One or both of us is out on the land–some part of it anyway–almost every day, severe weather and illness excepted.  I’m about to go check the water at Owl (checked the water at Fox yesterday) and take along some feed for the birds in both locations.

Despite the drought, I  have good things to report in this 8th year of our management–continuing increase in the number of native species of both plants and wildlife.    Numbers within species (some species) dropped this year with the drought, but diversity is my main management goal at this time.    We’ve topped 800 species that I’ve been able to identify….that’s  way more than we started with (175, but not all taxa were surveyed.  For the same taxa as at baseline survey,  we now list 446.)

But now, back to the work that has to be done before I can start the formal annual report.

2 Comments »

  • Comment by Chuck — December 28, 2008 @ 6:00 pm

    1

    “using the same wording as” the agency — this is something that should be obvious to anyone dealing with Government agencies, but it is one that surprisingly many people don’t catch on to, whether in filling out forms for personal projects or trying to obtain contracts for building military equipment. Especially useful in dealing with understaffed, overworked officials.

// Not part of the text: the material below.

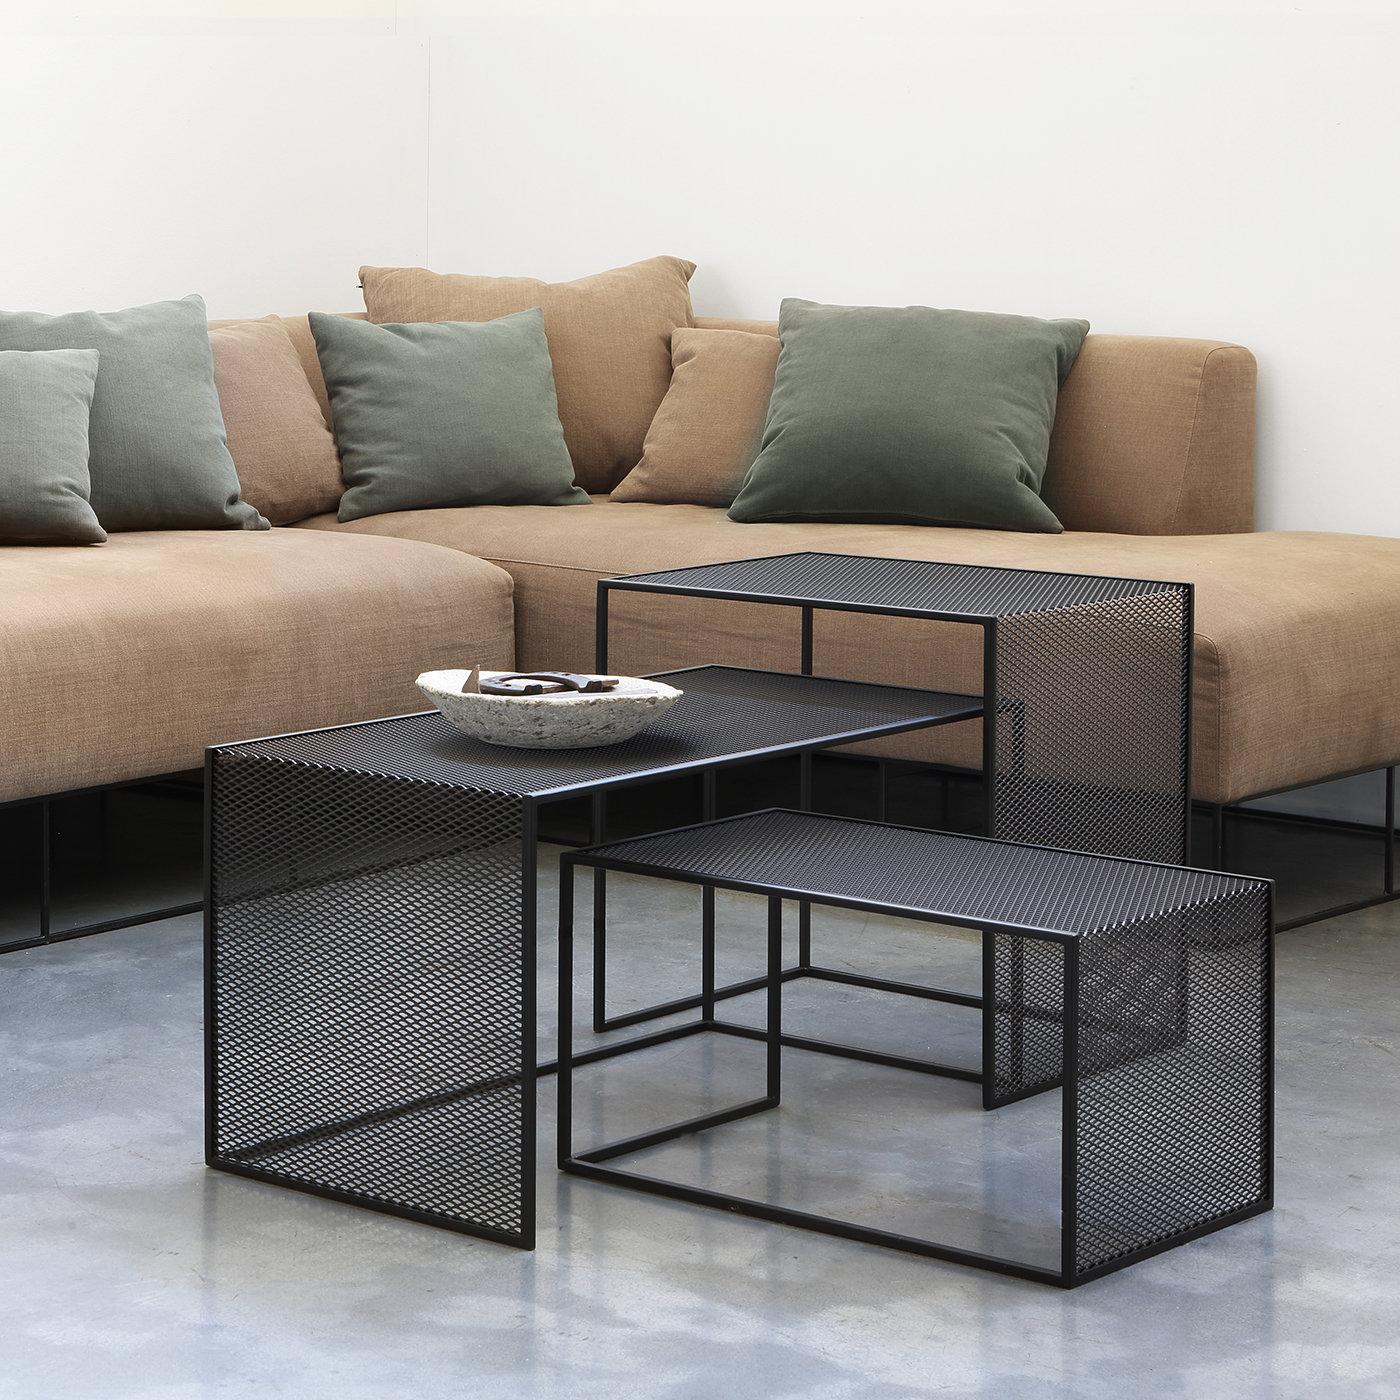 Die Tristano Low Tables sind hochfunktional und originell im Design. Sie bestehen aus einem Gestell aus massivem 10 x 10 mm Stahlrohr und einer Platte und Seiten aus Streckmetall. Die Komposition aus drei unterschiedlich großen Tischen (40 x 80 x H

  • Comment by elizabeth — December 28, 2008 @ 7:54 pm

    2

    Yup. The tax appraisal boards have been briefed by TPWD, so that’s the terminology they know. I think the reason our application for the wildlife management status passed first time, and subsequent yearly reports have gone through, is due in part to my willingness to follow the exact order and wording of the agency even on the part that I’m adding.

    Then there’s illustration. Pictures are definitely useful (a hint I was given by a company that does wildlife management for clients.) So the 2007 annual report has a front page photo of blue-winged teal (rare occurrence, but 2007 was unusually wet, and two teal spent a day in the north end of the creek,) a pictures of plants we introduced that year and of general environment in which they were planted, picture of water flowing over a check-dam that would later need repair, picture of two species using one of the wildlife water features we built (frog eating damselfly, migrant sparrow bird bathing), pictures of every natural/seasonal water on the place, including two of native fish, one fingerling and one adult guarding a nest, photos of supplemental feed being prepared for transport, a picture of volunteers from a local Audubon Society chapter doing a sparrow walk for census, a page of 12 photos of newly IDed insect species, and a final “end of paper” set of four really pretty pictures: raccoon, bird, jewelwing damselfly, and turtle.

    I use their vocabulary and then bury them in data.